Tuesday 5 February 2008

Musical Philosophy

"Music, for me, is neither something that I create, nor a form of self-expression. All kinds of sounds exist everywhere around us, and my performances solely consist of picking up these sounds, like a radio tuner, and playing them so that people can hear them." -- Kawabata Makoto, founding member of Acid Mothers Temple and subsequent variants.

What is music? What makes it different from other sounds we hear in the course of our daily life? The world has a rhythm, whether you realize it or not. The rattling of a pipe, the ringing in your ears or the incessant banging coming from the little brats upstairs.
The question is; when is a sound actually considered to differentiate from other sounds, when does it become music? when people start listening to it? or maybe when people take an interest in it; gaining pleasure from listening to it?

Personally, I look for the strange, the odd and the out of the ordinary in my music. Bands that try and differ from the other run of the mill groups by truly expressing themselves in their work. For me, Acid Mothers Temple is a prime example of such a band, because their music doesn't consist of a ordinary ' get 'r' done ' recording session.

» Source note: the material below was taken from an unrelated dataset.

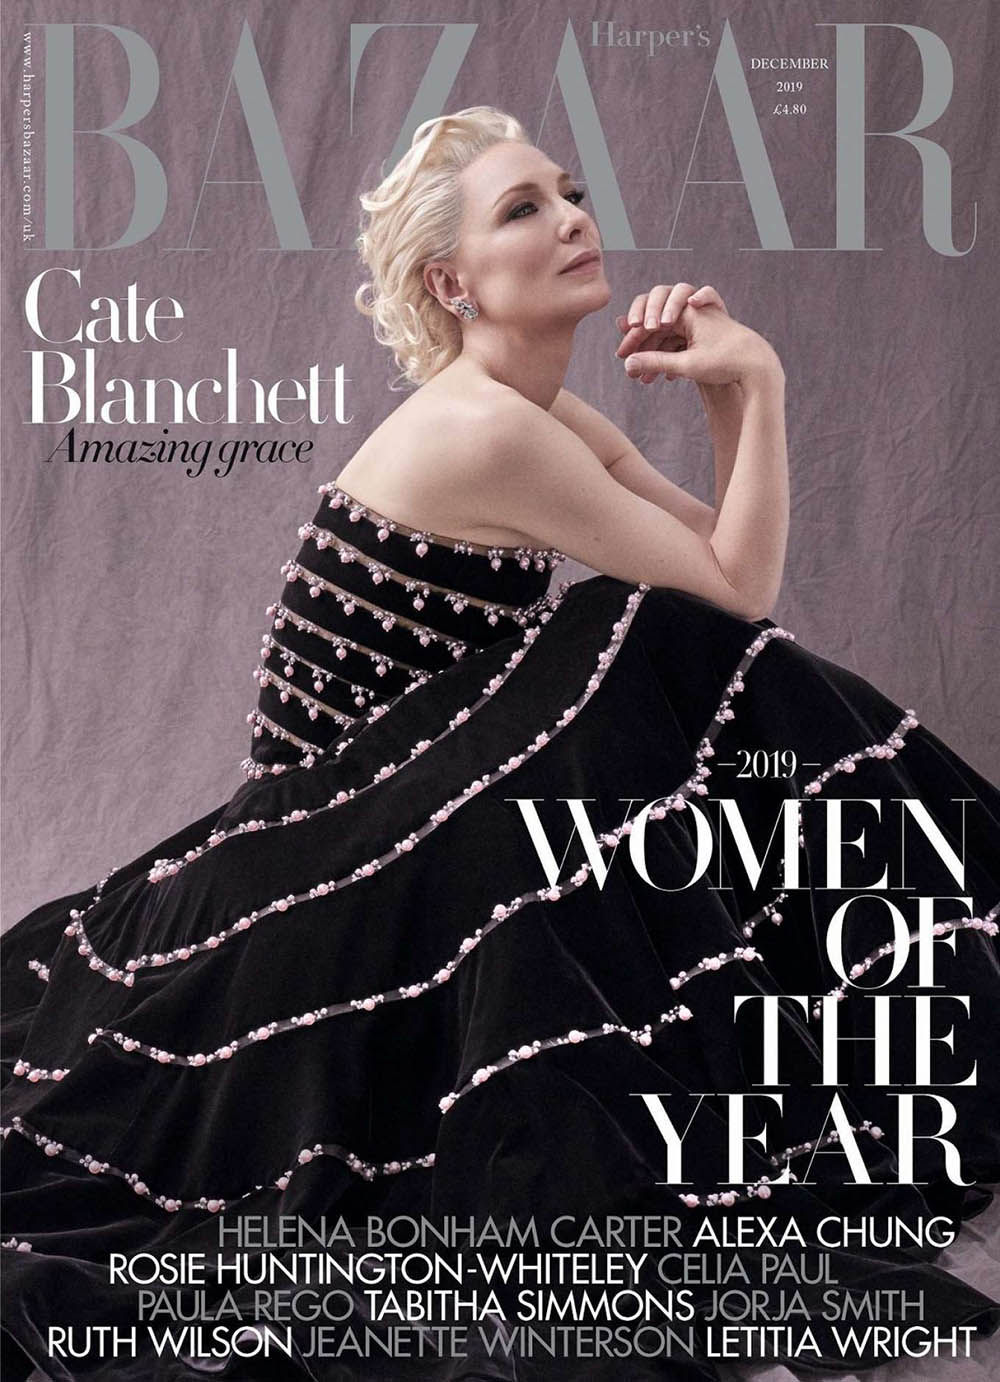 Cate Blanchett covers Harper’s Bazaar UK December 2019 by Tom Munro

From listening to their albums, with songs such as "La Le Lo", the listener is immediately assaulted by almost a dozen different layers of sound, each one playing a slightly different effect on the brain. I sit here listening to it for the seventh time in two days, and it still all sounds new to me, because my brain can't get a grip on the music, and I have to work to understand it.
And that's the magic of experimental music, while on the outside it may seem like half an hour of constant noise assaulting the eardrums, your brain is constantly working, examining the different algorithms hidden in the sound and trying to interpret them into a meaning that you can understand. While I don't believe in Moon cycles, the Zodiac and Spiritual Journeys, I believe that this music can provoke an intellectual journey, and helps to expand your mind and your underlying level of consciousness, so that you can better understand the rhythm of the world. You don't need mind-altering drugs for this, if a certain type of music can replace said drugs, then you're sorted. Fuck LSD, fuck pot, fuck all of it. If you're looking for something to alter your state of mind try goddamn music!
From listening to such music, I feel better about myself, and I've gathered my own personal meaning from it. This meaning evolves each time I listen to it, and it is never the same for two different people.

Mediocre rock bands such as Avenged Sevenfold, Dragonforce and various other acronymical tightwad cock-rockers that shall remain un-named do play music... but they have so much potential that is going wasted. They're not trying to make their audience work to understand their music, they simply want them to stand around waving lighters in the air. They may be succesful, but they're so goddamn puerile.